Herecomesthesun70 · 11/12/2021 16:02

Sorry posting for traffic as need help
My DF is a hoarder. He had a huge family so had nothing when he was a child but it's so bad now it's affecting everyone
Every room in the house is full of absolute crap.

He can't stop himself buying stuff. Stuff no one else wants or needs. He gets offended if I don't want any of the shit to take home.

My DM is at the end of her tether because he can't understand or see the problem. She's lost the will to do anything ensembles because you can't move for his stuff so it's filthy too. They also smoke there so they stink and the house is so bad I can't bear to the there longer than 5 minutes. It makes me anxious and stressed because my DM is so unhappy. DF doesn't lift a finger there not even to boil the kettle
My DM now has one arm in plaster so I thought it would be a good opportunity to go there but she bugged me not to because DF is fuming I've suggested doing anything. He says Im interfering and expects DM to clean cook and wait in him with with arm. I'm don't know what to do. She'll either kill him herself soon I'm
Sure if it. She mentioned leaving him earlier. Both in 70's and DF in very I'll health

OP posts:
Bubblecap · 11/12/2021 16:11

Hoarding is a mental health condition and he is in complete denial. I had a friend who was a bit if a hoarder, you had to step over stuff to get to anything in her house. She did know she had a problem but she still didn’t do anything about it. Unless he has a realisation it will remain the same.

If she left him could she stay with you for some respite for a few days. I suppose the worry then is he will die alone in the mess. But I feel so sorry for your Mum and assume she is depressed because of it.

Herecomesthesun70 · 11/12/2021 22:32

@Bubblecap

Hoarding is a mental health condition and he is in complete denial. I had a friend who was a bit if a hoarder, you had to step over stuff to get to anything in her house. She did know she had a problem but she still didn’t do anything about it. Unless he has a realisation it will remain the same.

If she left him could she stay with you for some respite for a few days. I suppose the worry then is he will die alone in the mess. But I feel so sorry for your Mum and assume she is depressed because of it.

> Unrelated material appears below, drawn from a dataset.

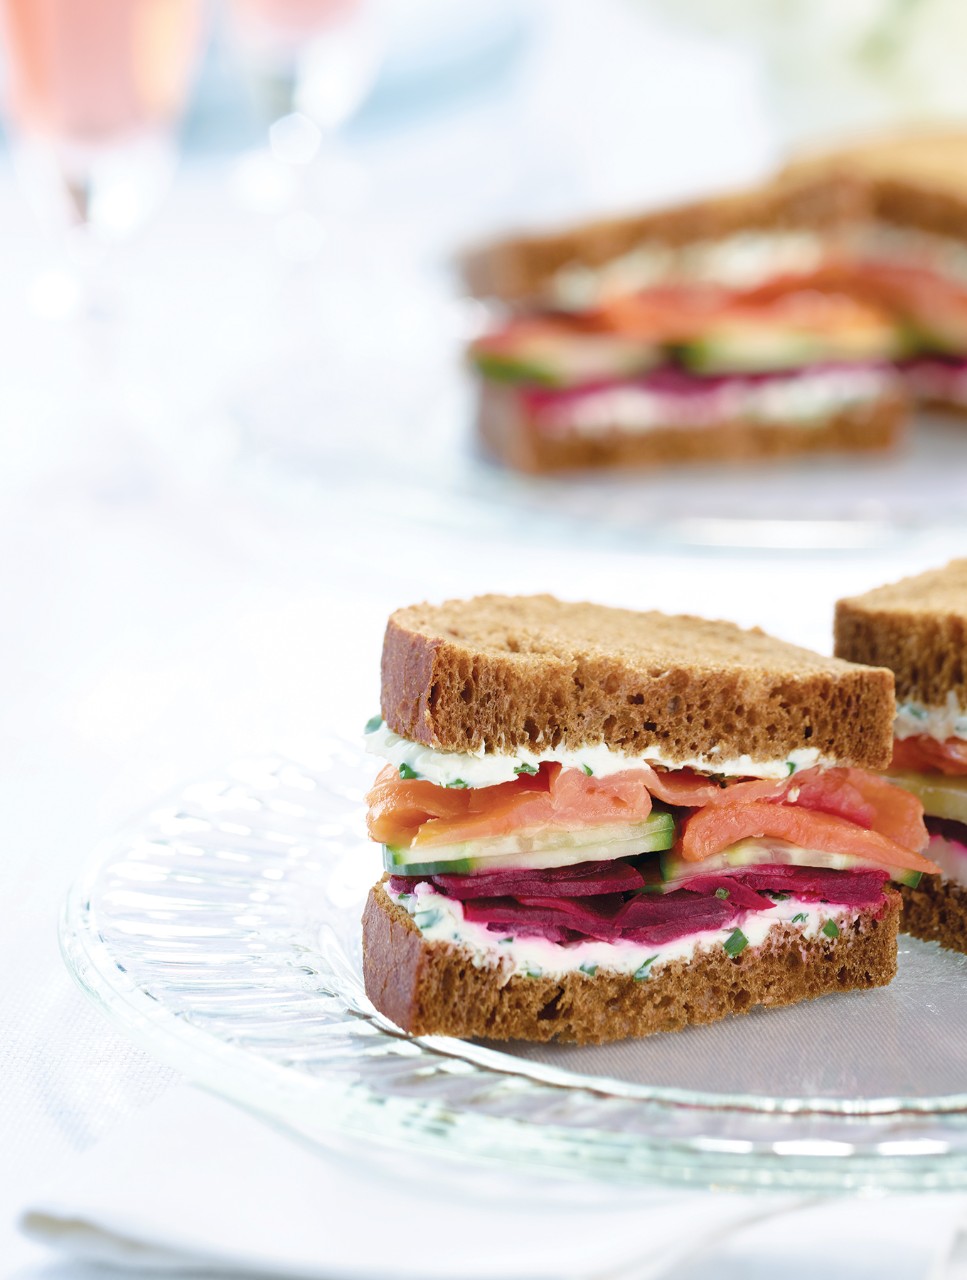 Smoked Salmon & Pickled Beets on Rye

I don't have anywhere for her to stay. We've got 2 kids here and no spare room My brother has space but my DF needs help. He's disabled physically so if she leaves he's screwed he won't admit though
OP posts:
MultiStorey · 11/12/2021 22:35

This reply has been deleted

Message withdrawn at poster's request.

Chunkymenrock · 11/12/2021 22:37

Your mother needs to leave. It sounds absolutely dreadful. If he won't acknowledge the problem, that's it. His choices are affecting the sanity and happiness of another person. Its completely unfair. I feel so sorry for your mother. Would she leave?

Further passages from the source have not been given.